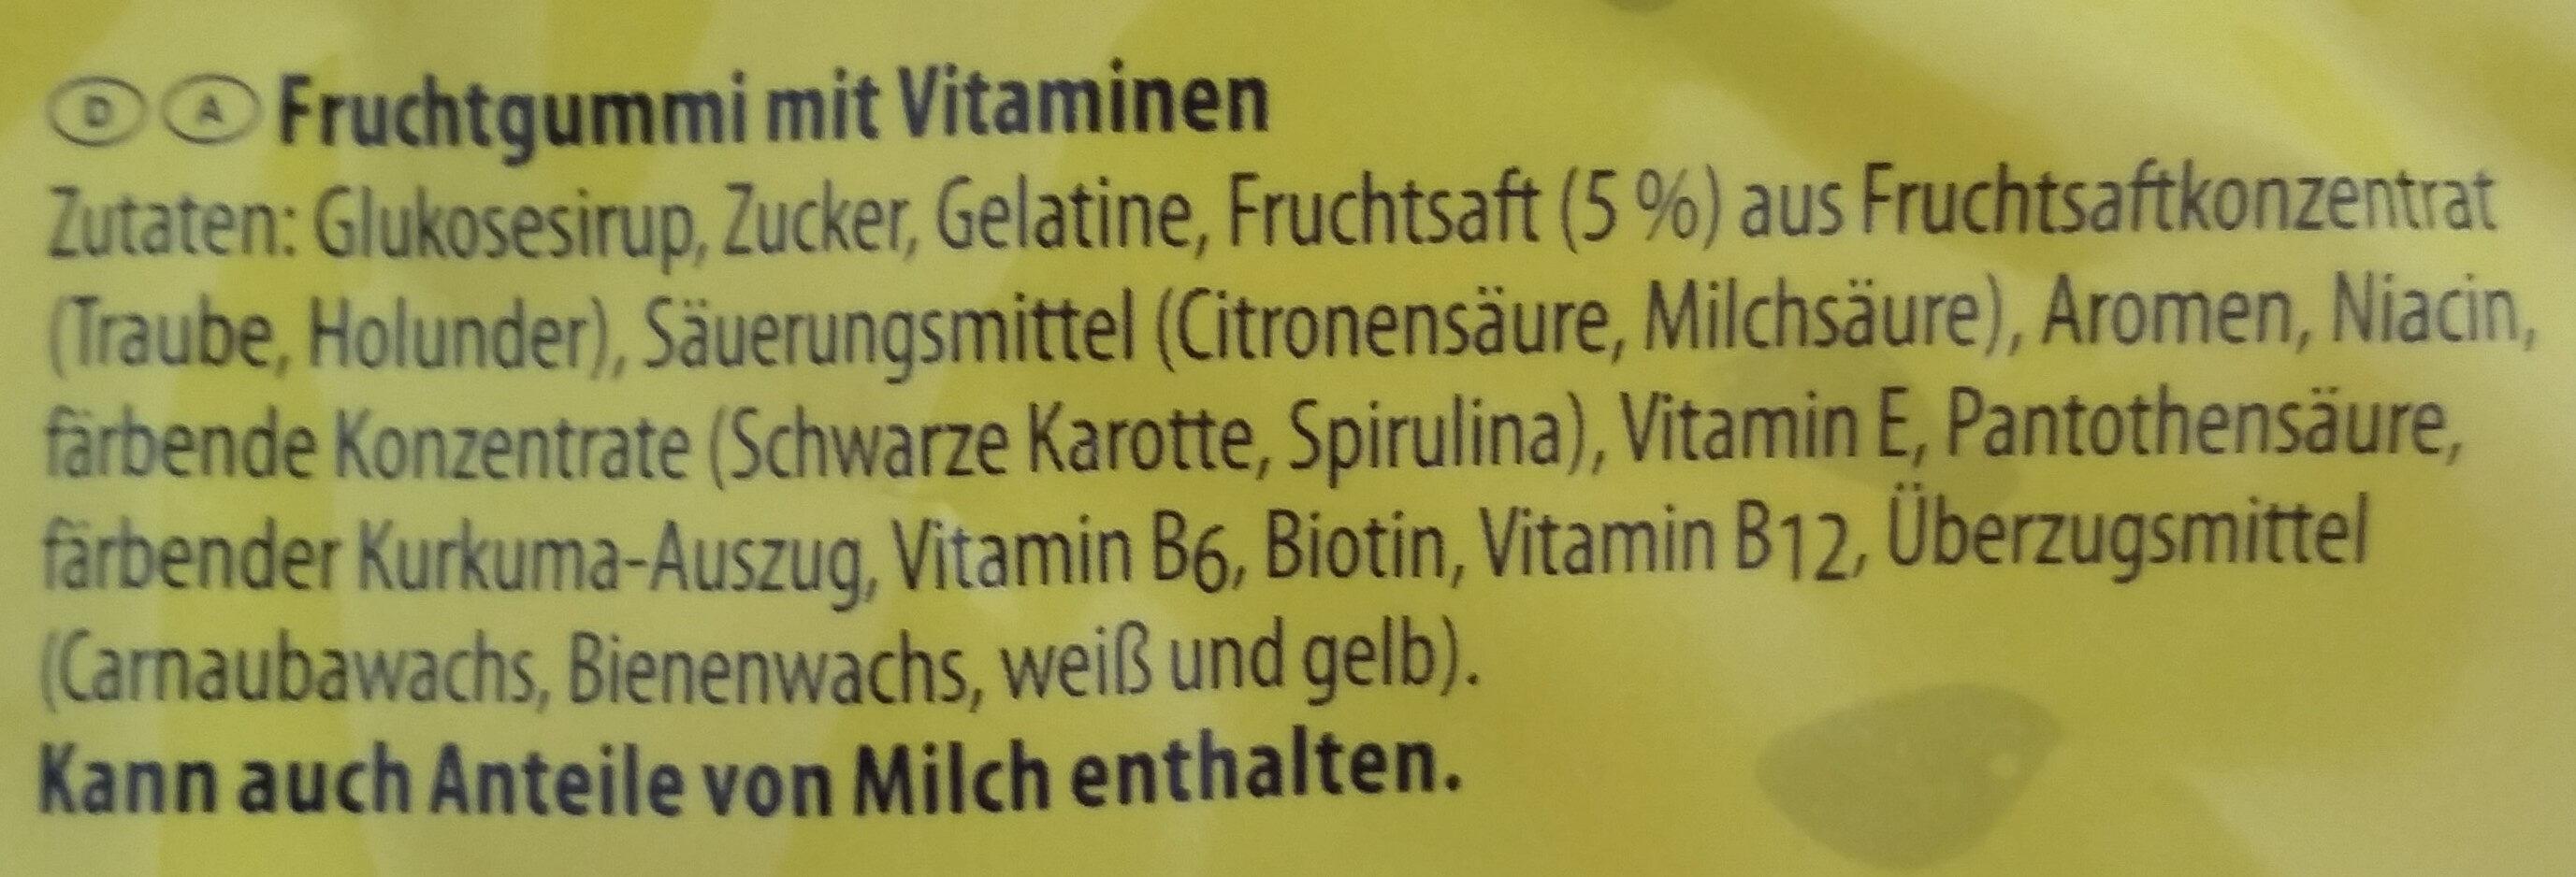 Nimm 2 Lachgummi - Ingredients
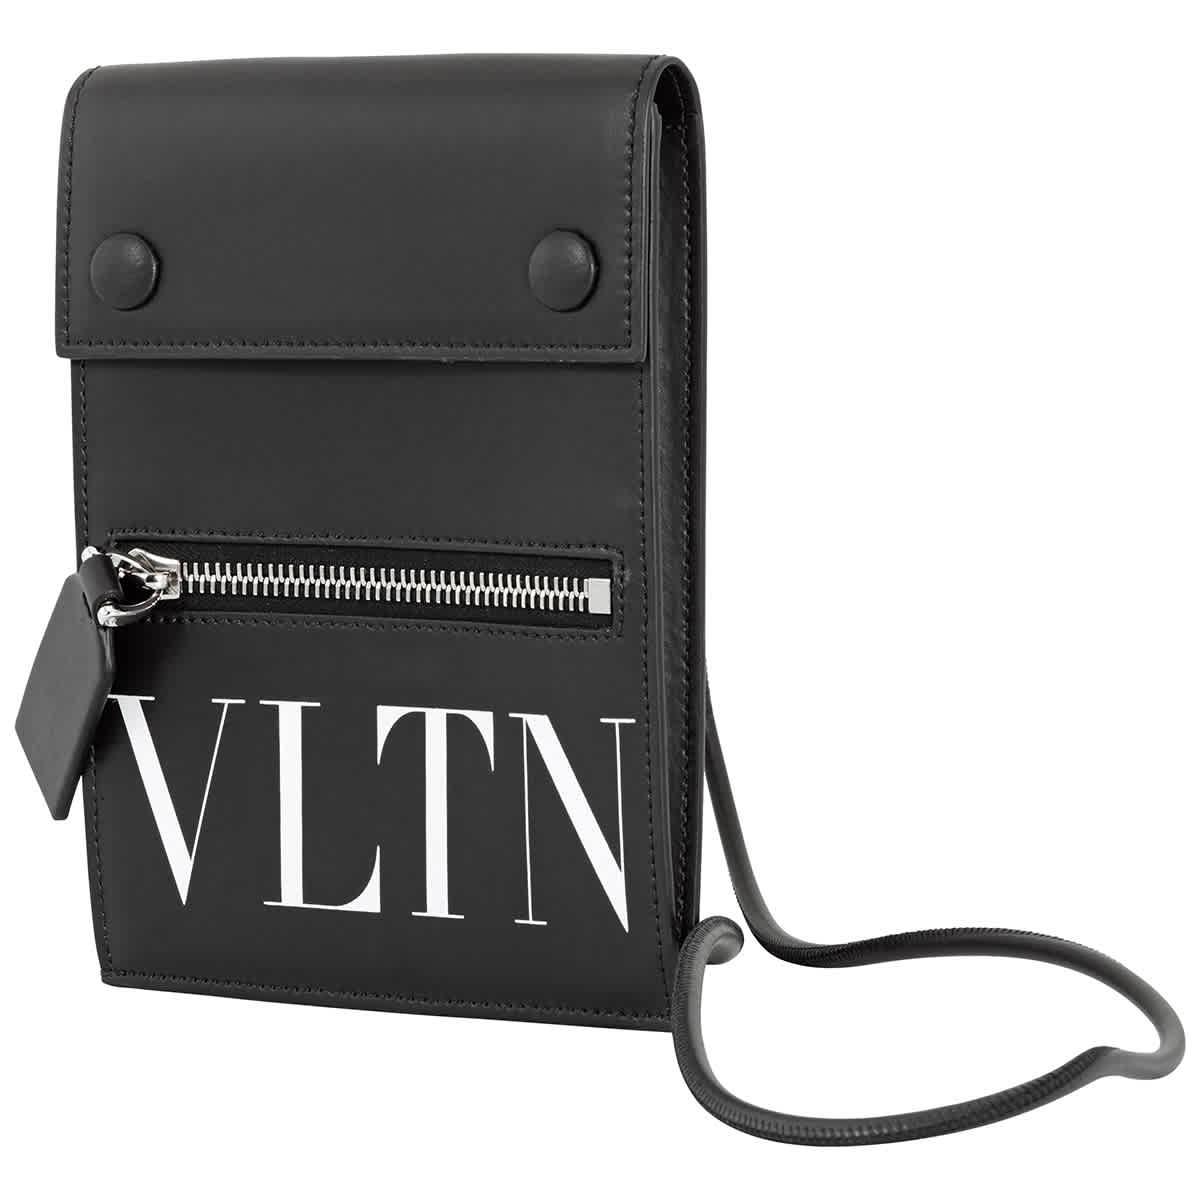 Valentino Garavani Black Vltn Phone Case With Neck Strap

* * *

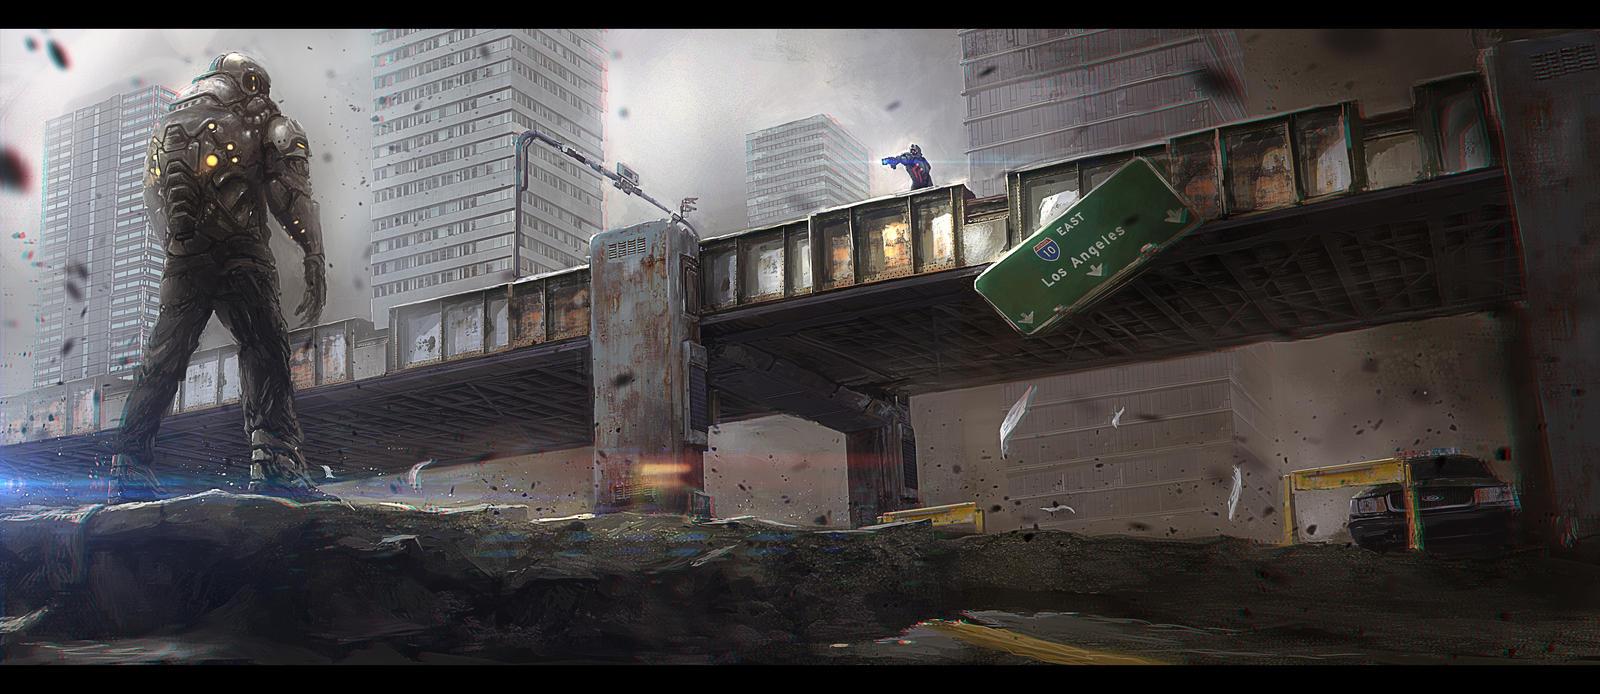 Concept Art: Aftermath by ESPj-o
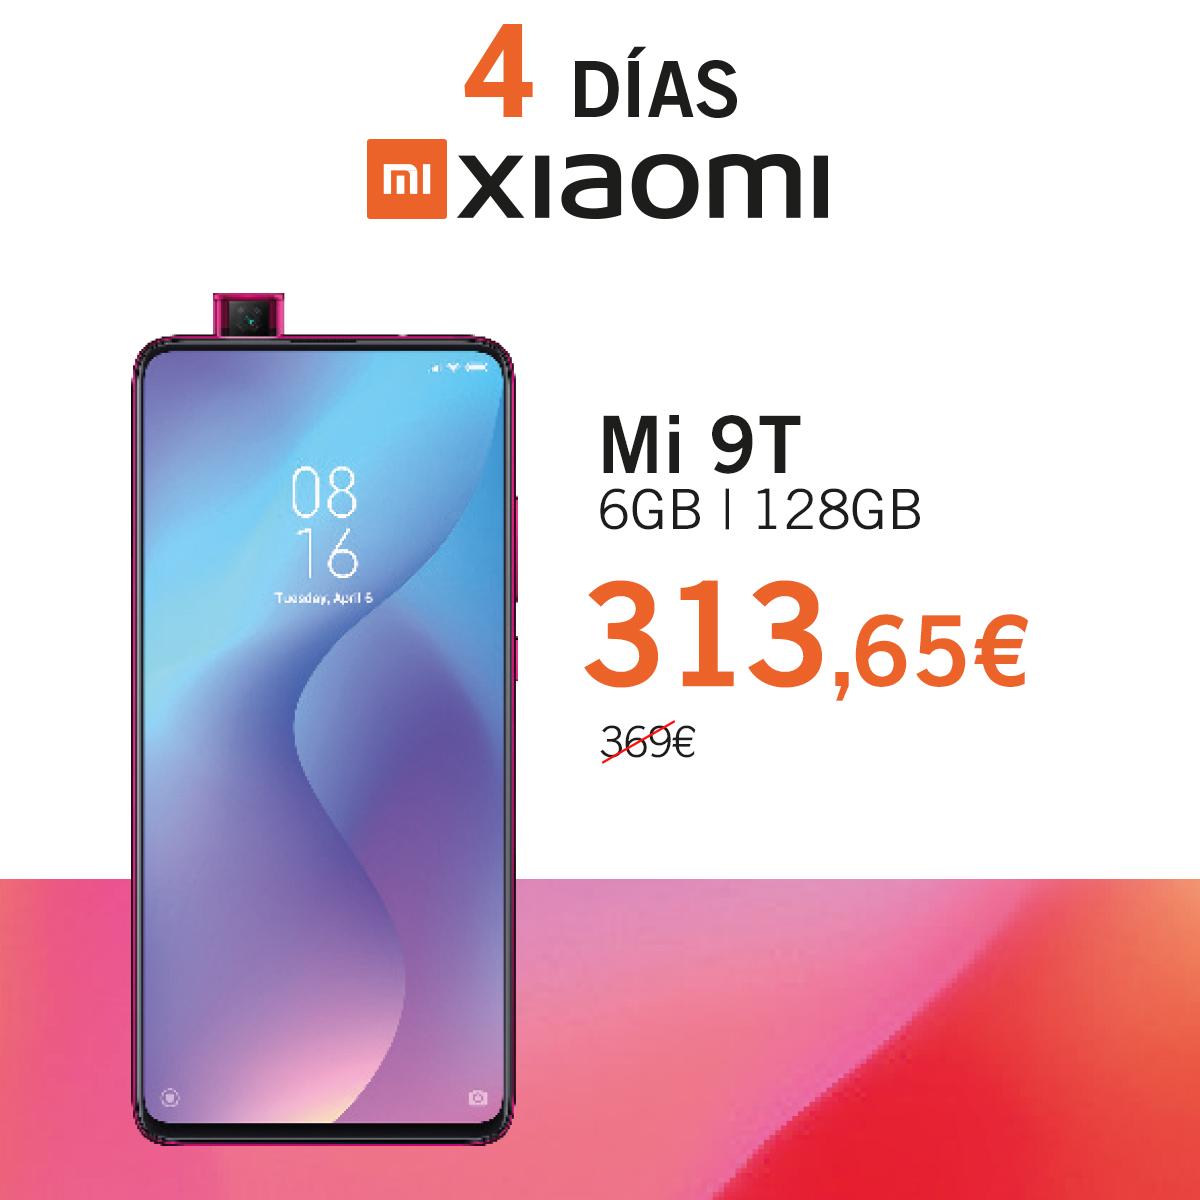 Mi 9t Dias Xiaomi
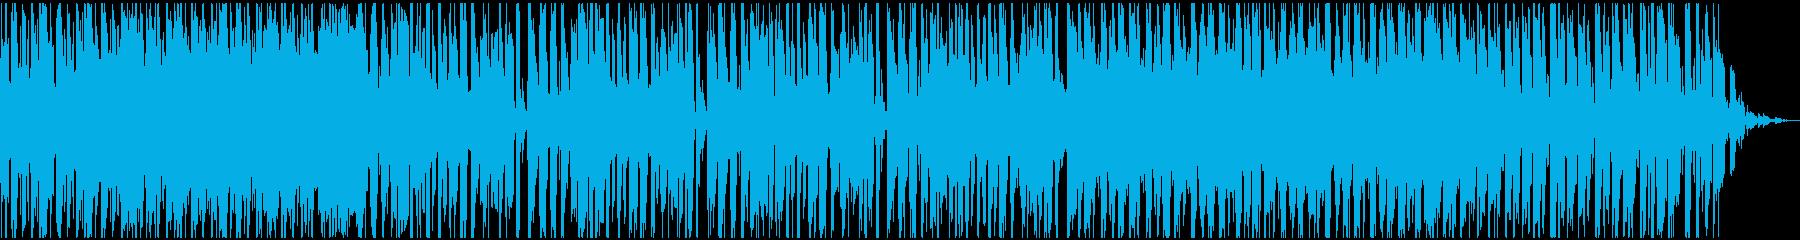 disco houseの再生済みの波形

Work order >>
Reproduce exactly the lines above that run from the one with "Nimm 2 Lachgummi - Ingredients" to the one with "Valentino Garavani Black", both included, leaving pictures out.

Response to the task >>
 Nimm 2 Lachgummi - Ingredients
 Valentino Garavani Black Vltn Phone Case With Neck Strap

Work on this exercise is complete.